In this embodiment, based on the target human body image obtained by the first obtaining unit 501, the first determining unit 502 may determine a category to which the target human body image belongs as a target category from a predetermined category set. And the categories in the category set correspond to the preset human body image set. The preset human body image set may be a human body image set formed by previously using existing human body images. Each preset human body image set comprises at least one preset human body image subset. The preset human body images in the preset human body image subset correspond to the same person.
In this embodiment, based on the target category determined by the first determining unit 502, the second acquiring unit 503 may acquire a preset human body image set corresponding to the target category as a candidate human body image set.
In this embodiment, for a preset human body image subset in the candidate human body image set obtained by the second obtaining unit 503, the second determining unit 504 may first determine whether the similarity between the person corresponding to the preset human body image subset and the person corresponding to the target human body image is greater than or equal to a target similarity threshold. The similarity is a numerical value used for representing the degree of similarity between the two objects, and the target similarity threshold may be a predetermined similarity threshold or a currently determined similarity threshold.
In this embodiment, the third determining unit 505 may determine, in response to determining that the similarity between the person corresponding to the preset human body image subset in the candidate human body image set and the person corresponding to the target human body image is greater than or equal to the target similarity threshold, the preset human body image subset that is greater than or equal to the target similarity threshold as the result human body image subset corresponding to the target human body image. And the result human body image subset is the matched human body image subset which most probably corresponds to the same person as the target human body image.
It will be understood that the elements described in the apparatus 500 correspond to various steps in the method described with reference to fig. 2. Thus, the operations, features and resulting advantages described above with respect to the method are also applicable to the apparatus 500 and the units included therein, and are not described herein again.
The apparatus 500 provided in the above embodiment of the present disclosure may match the human body image subset from the preset human body image set corresponding to the target category based on the target category to which the target human body image belongs, so as to improve the matching precision, and further obtain a more accurate result human body image subset; in the process of matching the result human body image subsets, the matching is only needed to be performed on the preset human body image subsets in the preset human body image set corresponding to the target categories, and compared with the method that all the preset human body image subsets are matched without classification, the matching complexity can be reduced, the image processing efficiency is improved, and the resources consumed in the image processing process are reduced; in addition, the method and the device can determine the human body images with the similarity meeting the preset requirement with the target human body images in batches based on the matching of the preset human body image subset and the target human body images, so that the diversity of the determined human body images can be improved, and the accuracy of image matching can be further improved.
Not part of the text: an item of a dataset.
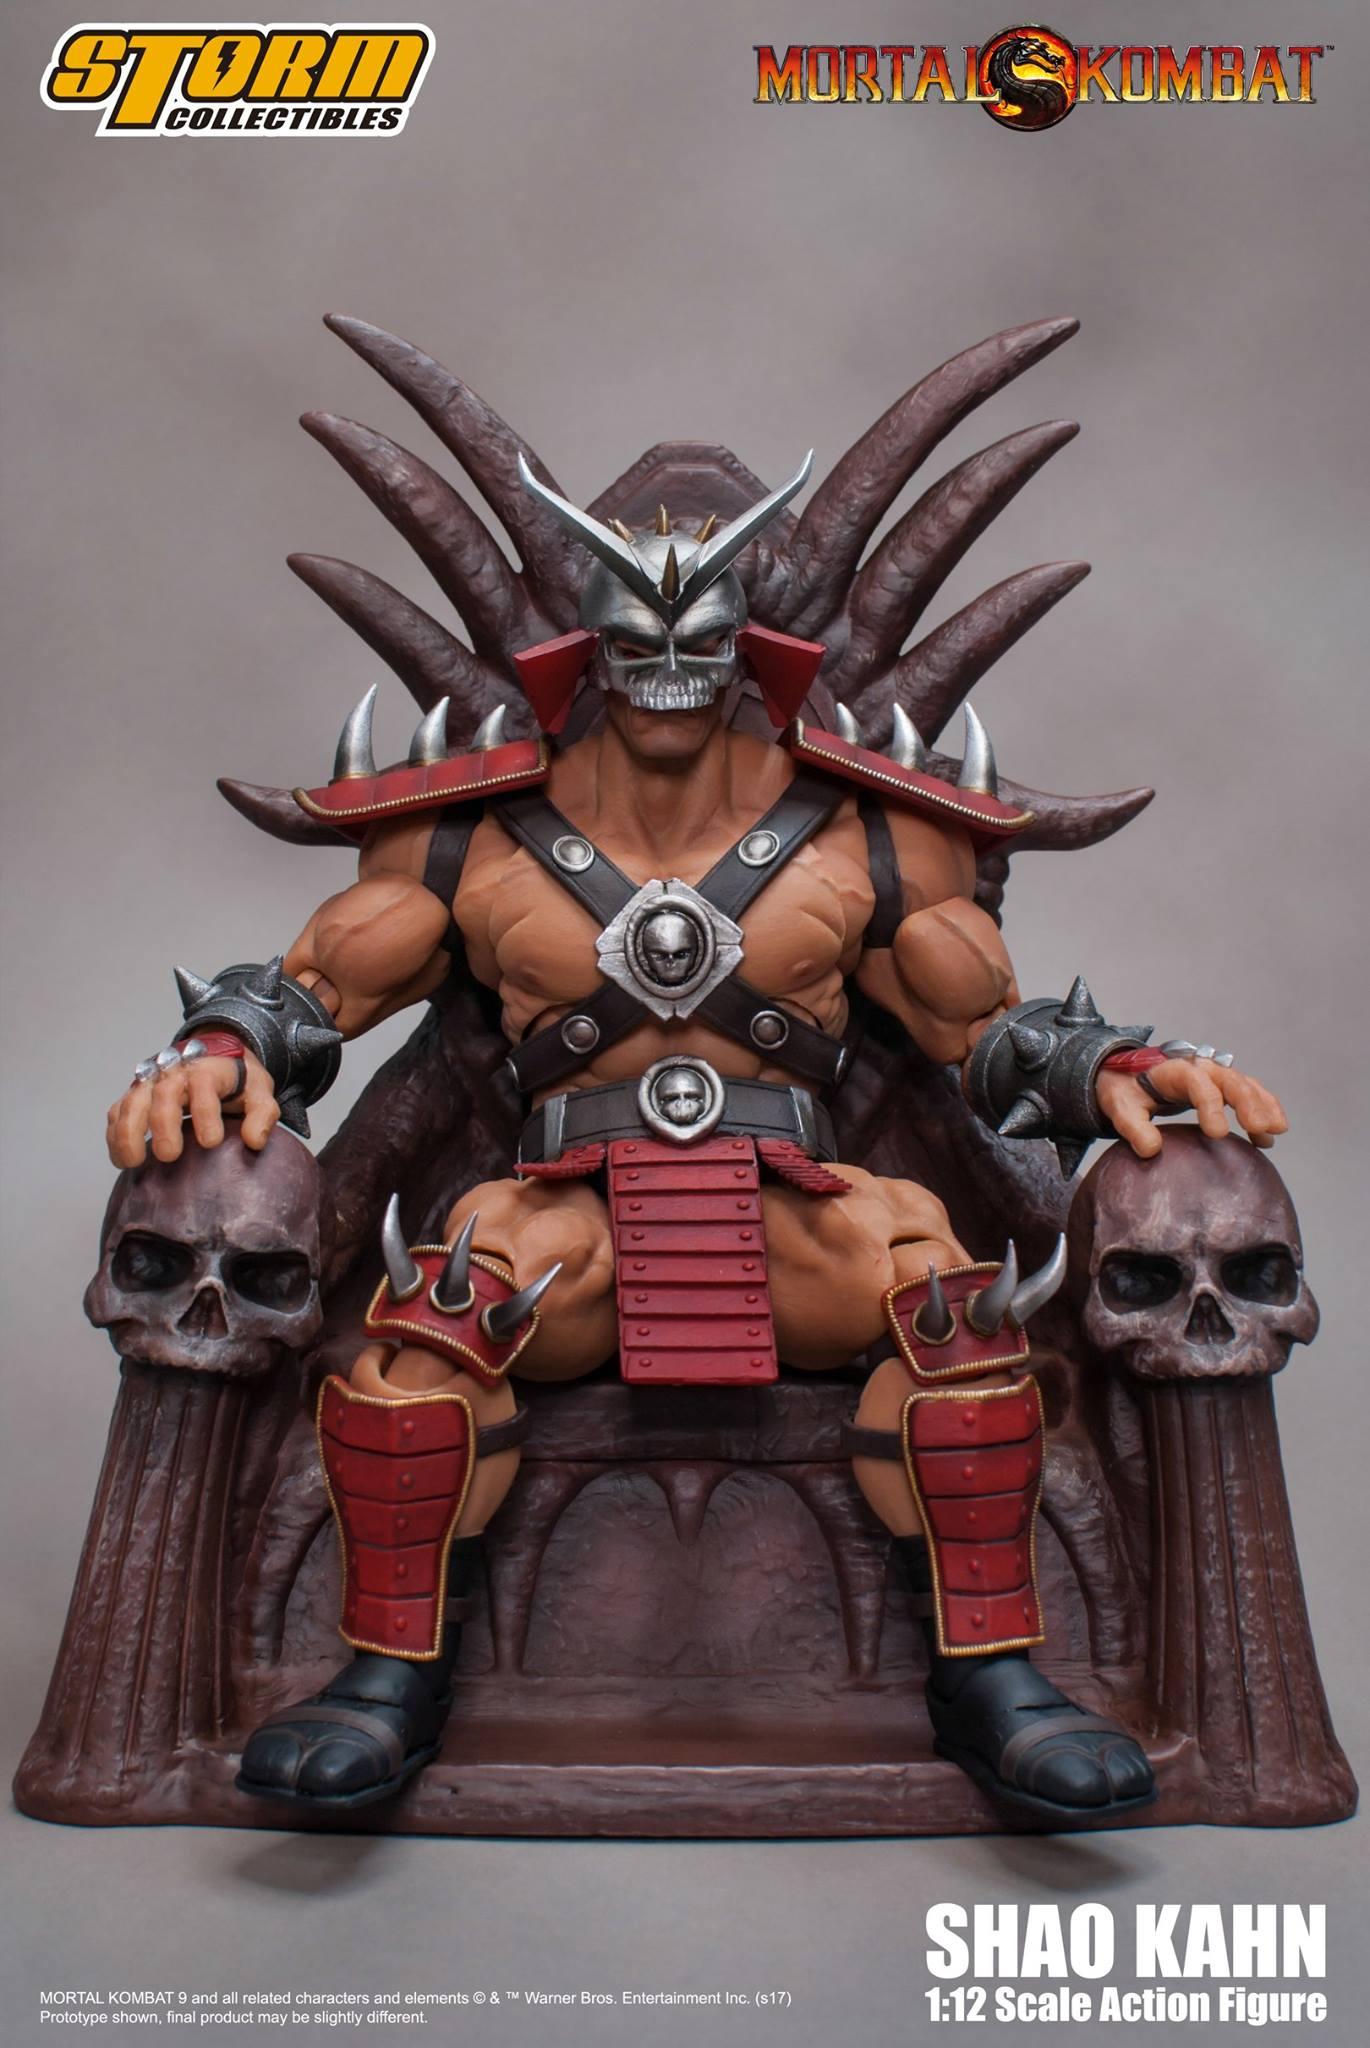 Storm-Mortal-Kombat-Shao-Kahn-003

Referring now to fig. 6, a schematic diagram of an electronic device (e.g., a terminal device or a server in fig. 1) 600 suitable for implementing embodiments of the present disclosure is shown. The terminal device in the embodiments of the present disclosure may include, but is not limited to, a mobile terminal such as a mobile phone, a notebook computer, a digital broadcast receiver, a PDA (personal digital assistant), a PAD (tablet computer), a PMP (portable multimedia player), a vehicle terminal (e.g., a car navigation terminal), and the like, and a stationary terminal such as a digital TV, a desktop computer, and the like. The electronic device shown in fig. 6 is only an example, and should not bring any limitation to the functions and the scope of use of the embodiments of the present disclosure.
As shown in fig. 6, electronic device 600 may include a processing means (e.g., central processing unit, graphics processor, etc.) 601 that may perform various appropriate actions and processes in accordance with a program stored in a Read Only Memory (ROM)602 or a program loaded from a storage means 608 into a Random Access Memory (RAM) 603. In the RAM603, various programs and data necessary for the operation of the electronic apparatus 600 are also stored. The processing device 601, the ROM 602, and the RAM603 are connected to each other via a bus 604. An input/output (I/O) interface 605 is also connected to bus 604.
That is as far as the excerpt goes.